Pınar GÜLTEKİN isimli 27 yaşındaki genç kadının erkek arkadaşı tarafından öldürülmesi, yine yüreğimizi dağladı.
Bu kaçıncı kadın cinayeti ülkemizde?
İnanın, ben gazete okuyan ve medyayı takip eden aydın bir kişi olarak, bu kadın cinayetlerinin sayısını tam olarak bilemiyorum, sadece ülkemizin medeni bir toplum olmadığını, toplumumuzda kadına değer verilmediğini, kadının yaşam hakkının korunamadığını tartışmasız ortaya koyan yoğunlukta olduğunu söyleyebiliyoruz.

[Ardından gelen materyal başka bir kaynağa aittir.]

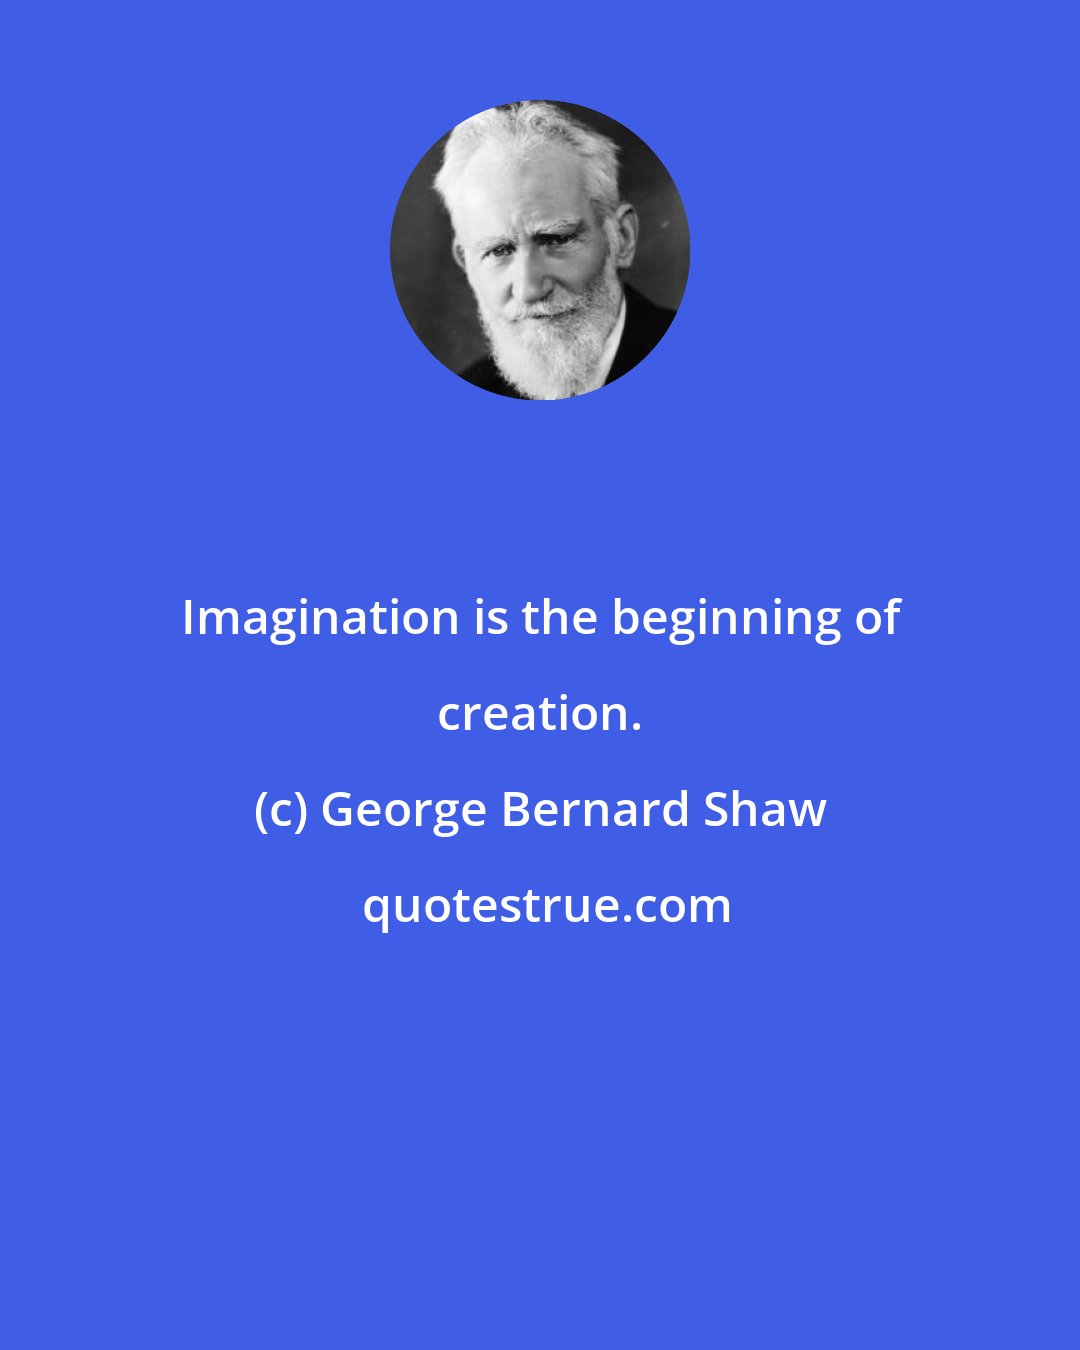 George Bernard Shaw: Imagination is the beginning of creation.
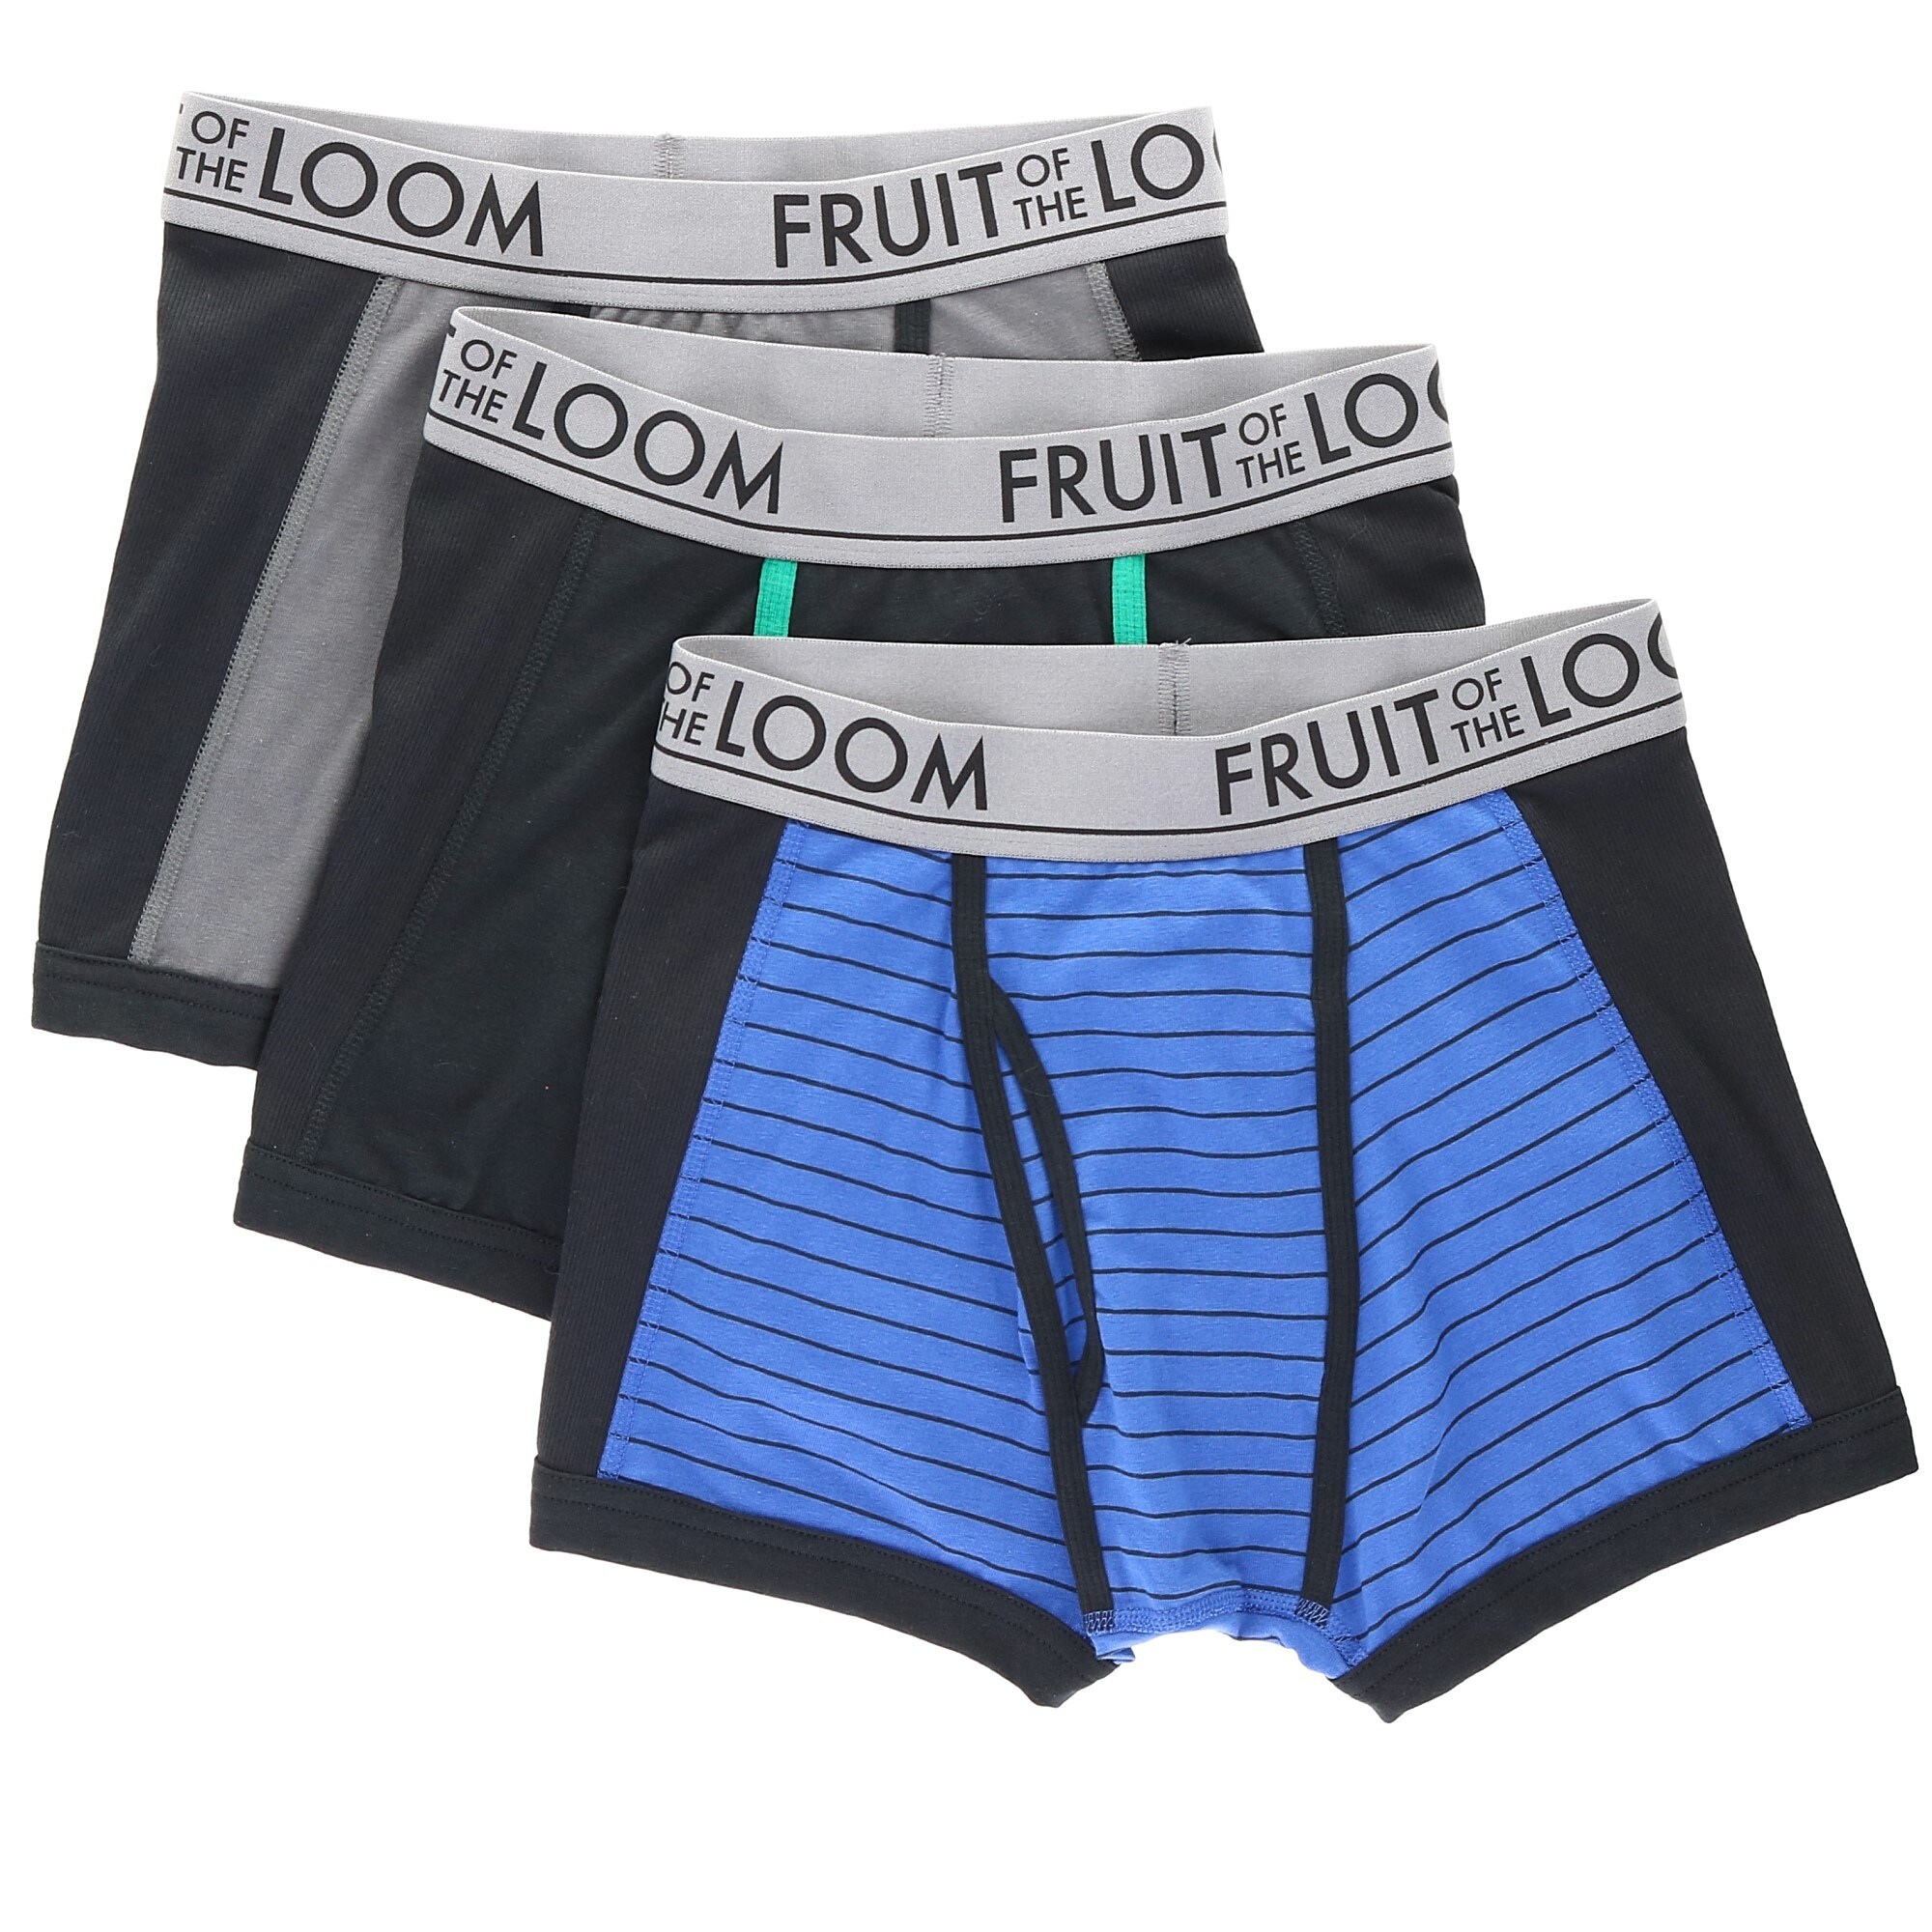 Fruit of the loom - mens high fasion bikini briefs

Kadının değersiz olduğu, eşleri ya da sevgilileri tarafından hiç yerine öldürülen kadınların, bu öldürülme eylemlerinin baş sorumlusu ilan edildiği, her kadın cinayetinin kusur ve sebeplerinin kadına yüklendiği, her öldürülen kadını suçlu ilan eden soysuzların kol gezdiği ülkemizdeki 18 yıllık AKP iktidarının bu ülkenin başında kaldığı sürece, AKP zihniyetinin kadına yönelik cinayetleri önleyemeyeceği gibi, bu cinayetleri giderek artıracağından emin olabilirsiniz.
Baksanıza, kadına yönelik aile içi ve dışı şiddeti önleme, kadını şiddetten koruma amaçlı İstanbul Sözleşmesine imza koyan iş başındaki AKP iktidarı, kendi imzasını inkar ederek bu sözleşmenin altındaki imzasını geri çekmeyi planlıyor.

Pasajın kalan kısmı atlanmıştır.